SUPR
Deformable Image Registration for Improving Precision Radiotherapy
Dnr:

NAISS 2025/22-169

Type:

NAISS Small Compute

Principal Investigator:

Onur Ali Zeybekoglu

Affiliation:

Uppsala universitet

Start Date:

2025-03-10

End Date:

2026-04-01

Primary Classification:

10210: Artificial Intelligence

Webpage:

Allocation

Abstract

The overarching objective of this project is to enhance the precision and efficacy of radiation therapy (RT) by harnessing cutting-edge image registration technologies.

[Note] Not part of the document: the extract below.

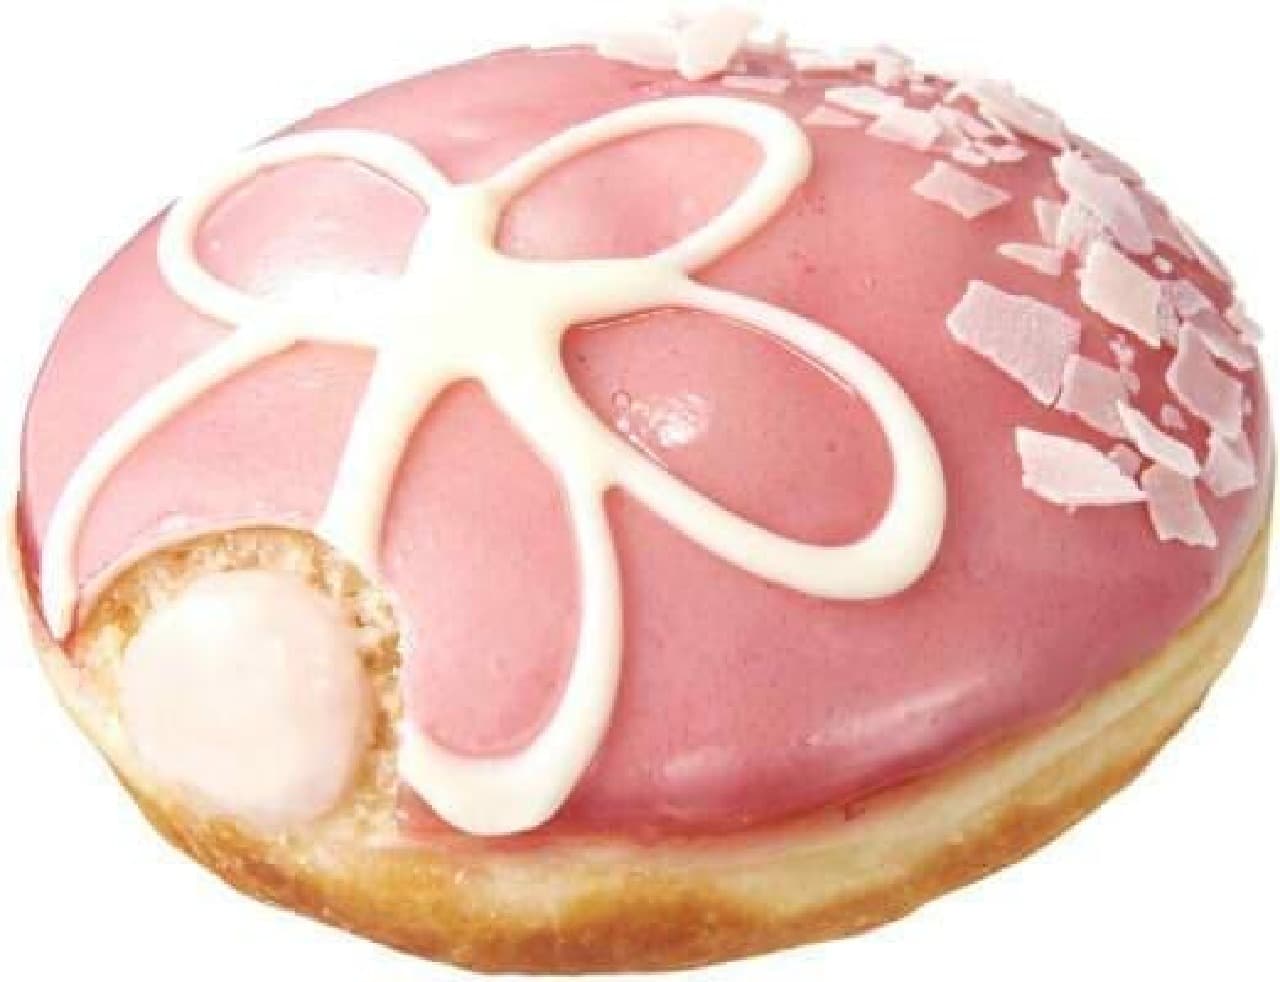 Spring donuts for KKD! (The image is "Sakura")

At its core, the project seeks to innovate within the field of deformable image registration (DIR) — a technique vital for accurately assessing radiation doses to tumors and healthy tissues. By integrating DIR with the sophisticated computational capabilities of deep learning (DL), the project aims to develop a system that can determine the accumulated delivered dose, taking the variations in the patient anatomy into account. Moreover, the project places emphasis on uncertainty estimation — a process that quantifies the confidence in the predicted accumulated dose. The project intends to incorporate measures that can assess and communicate the degree of certainty in DIR and/or dose. This not only will foster greater trust in the system but will also provide clinicians with valuable information when making a treatment decision.